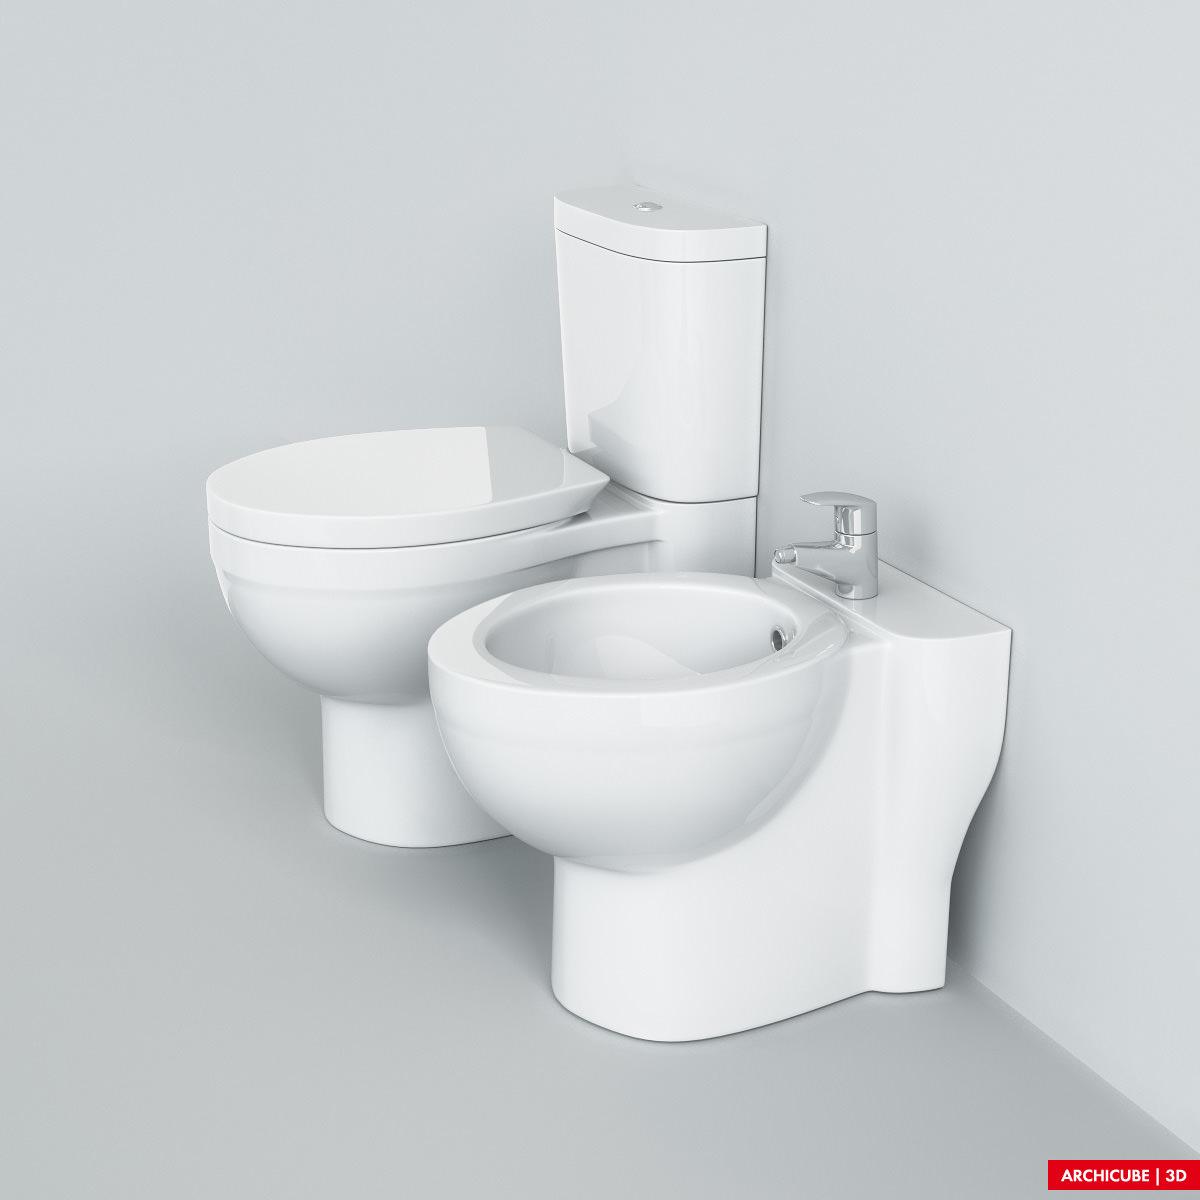 Toilet Bidet 3d Model Max Obj Fbx
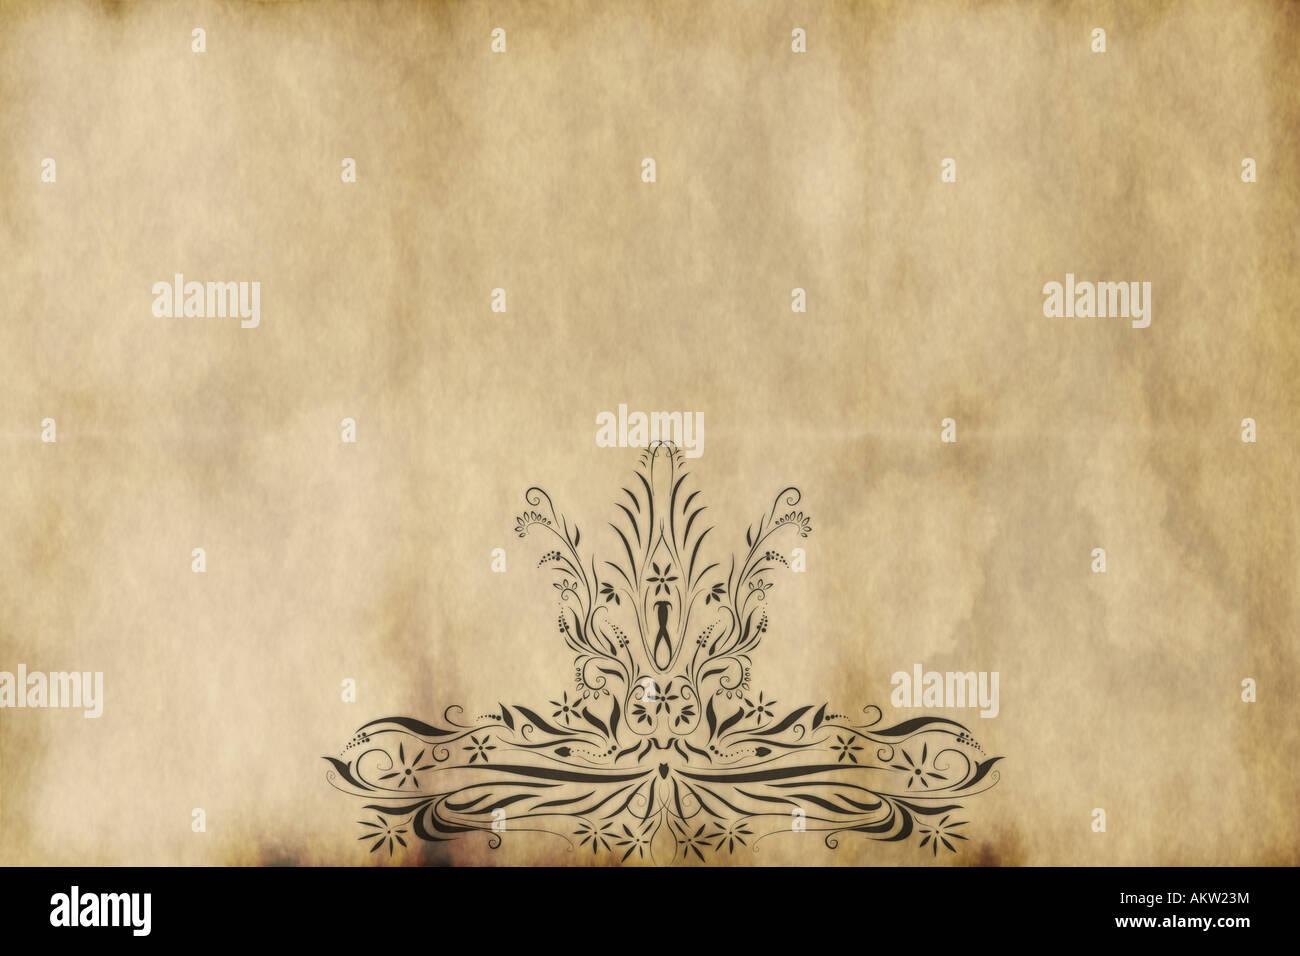 Regal style diseño impreso sobre papel antiguo Imagen De Stock
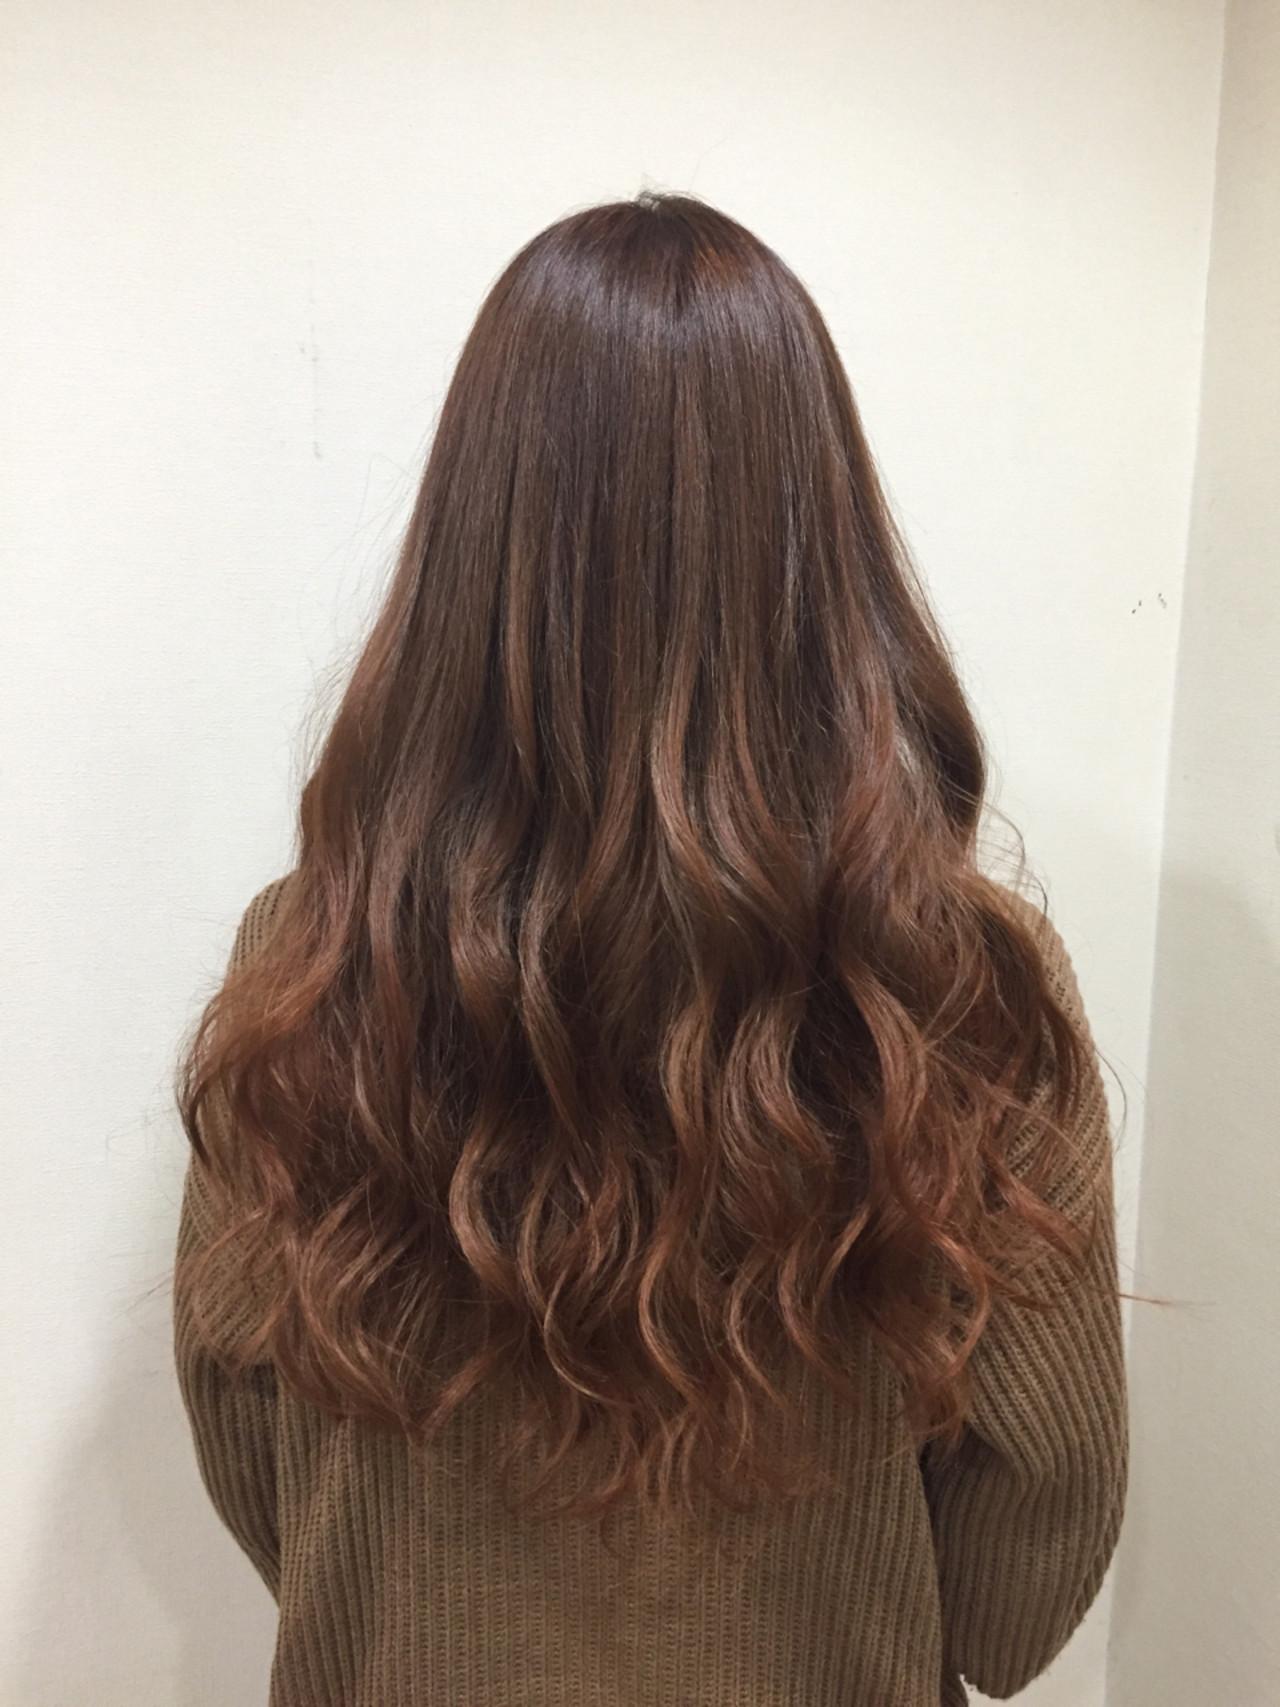 グラデーションカラー 外国人風カラー 艶髪 ストリート ヘアスタイルや髪型の写真・画像

AIM OF THE TASK —
A word-for-word repeat is expected of the lines from the one with "Regal style diseño" to the end of the data, both included; pictures are not part of it.

EXERCISE RESULT —
 Regal style diseño impreso sobre papel antiguo Imagen De Stock
 グラデーションカラー 外国人風カラー 艶髪 ストリート ヘアスタイルや髪型の写真・画像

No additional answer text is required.